Ну вот… Недолгая радость схлынула с лица Кеши. Он облизнул губы, пожевал ими.

— А куда уехала?

Суровая женщина покачала головой.

— Этого не знаю. Едут куда кто… Сейчас не спрашивают, у кого где родственники… Всех не спросишь…

— Это верно, — сказал он и опустошенно присел на край грязного железного ящика у путей.

Вожатая предупредила:

— Здесь нельзя посторонним.

— У вас буфет какой работает? — спросил он. — Есть охота.

Она еще раз посмотрела на него и вернулась в вагон. Там она взяла из клеенчатой сумки что-то съестное, сдула пыль. Из депо вышел трамвай и покатился к воротам, загородив от вожатой парня на ящике. Она подождала. А потом увидела, что ящик пуст. Уехал, наверно, голодный парень на этом трамвае…

А он уже шагал по улице, нагнув голову и сунув руки в карманы. Ну вот… Узнал, что живая, но не нашел. Уехала… Так ему и надо. В чужом городе, далеко от дома, проклинаемый, верно, дедом, который один замаялся там, бредет он один по ночной улице… Хорошо, что она уехала… Спокойней… Если б только узнать, куда уехала…

Он попал под яркий свет, и длинная тень его поползла перед ним самим. И очень знакомый голос сказал с усмешкой:

— Наткнешься!

— Алимджан!

Это стоял Алимджан. Даже рабочий костюм — грязные брюки и темная бумажная рубаха — не портил его спортивной фигуры. И даже в эти бедственные дни оставался он модником. На шее какая-то косыночка узелком… А на плече он держал здоровенный бюст старца с курчавой бородой.

— Я искал тебя в библиотеке! А ты вот где! Ну!

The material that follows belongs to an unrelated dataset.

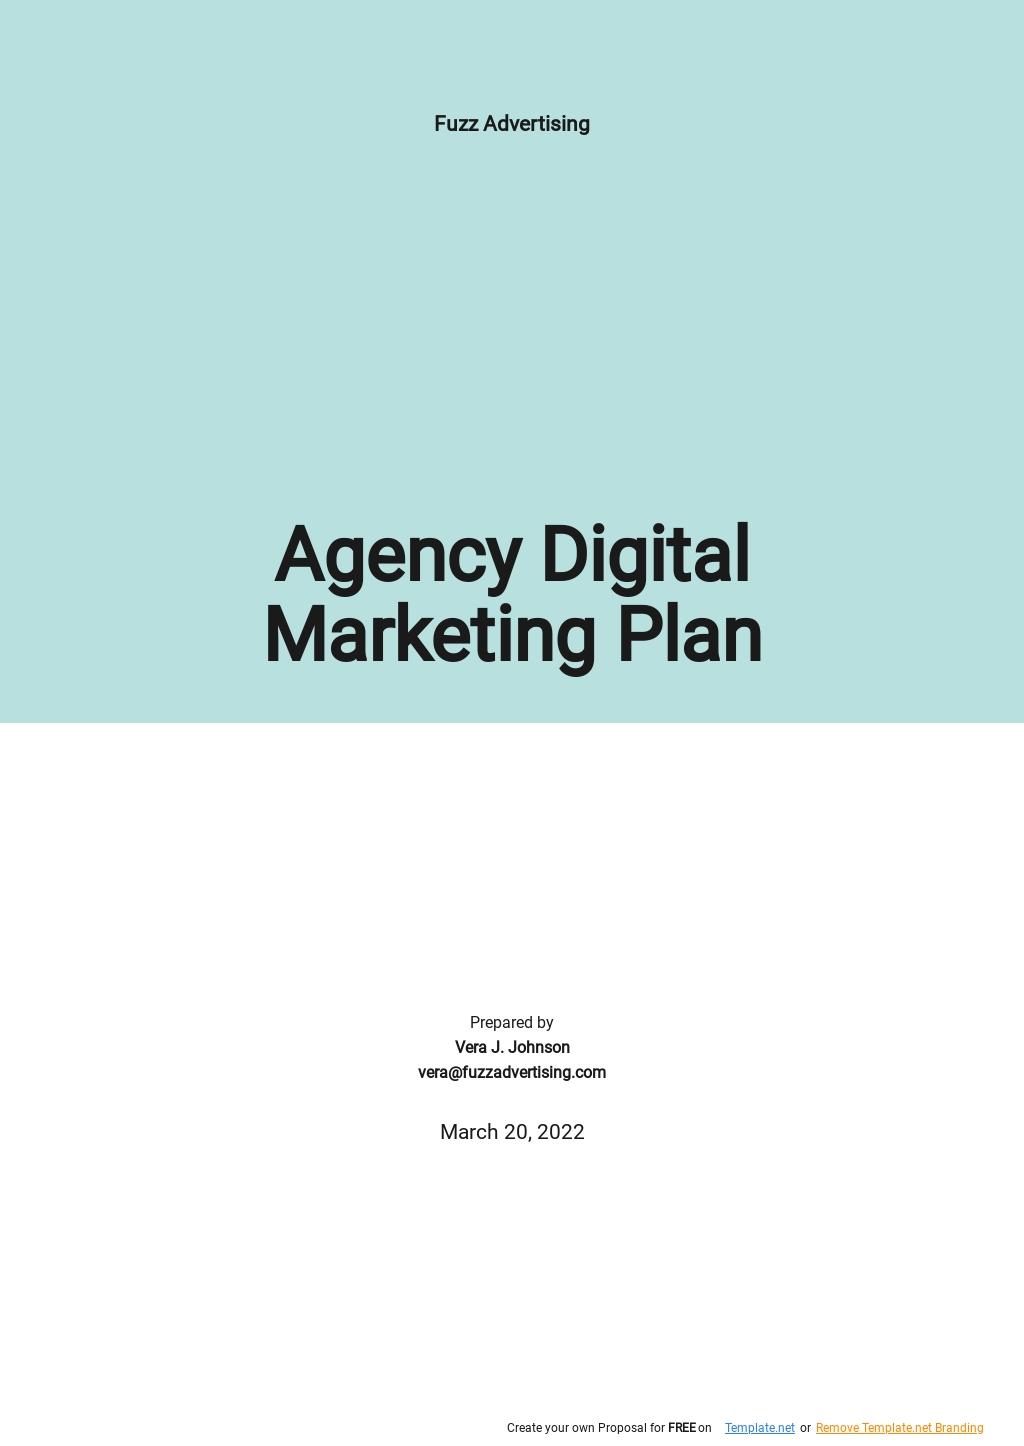 Agency Digital Marketing Plan Template.jpe

— Ну! — ухмыляясь, подхватил Алимджан и пошел, заговорив на ходу: — После библиотеки я работал на расчистке картинной галереи. Туда же бульдозер не пустишь. А сейчас вот изящное искусство спасаем… Все ручками, ручками… Что ты делаешь в Ташкенте?

— Да вот…

— Вернулся на дом посмотреть?

— Ну!

— Не продал до толчка. Чудак! Вот оно что делает — вдохновение.

— Ну!

— Один ключ остался теперь.

— Смейся…

Алимджан, и правда, хохотал, приближаясь к платформе, заставленной спасенными изваяниями из мрамора и гипса.

— Не горюй! Получишь компенсацию…

— А куда уехала Мастура? — спросил Кеша. Алимджан переменился в лице.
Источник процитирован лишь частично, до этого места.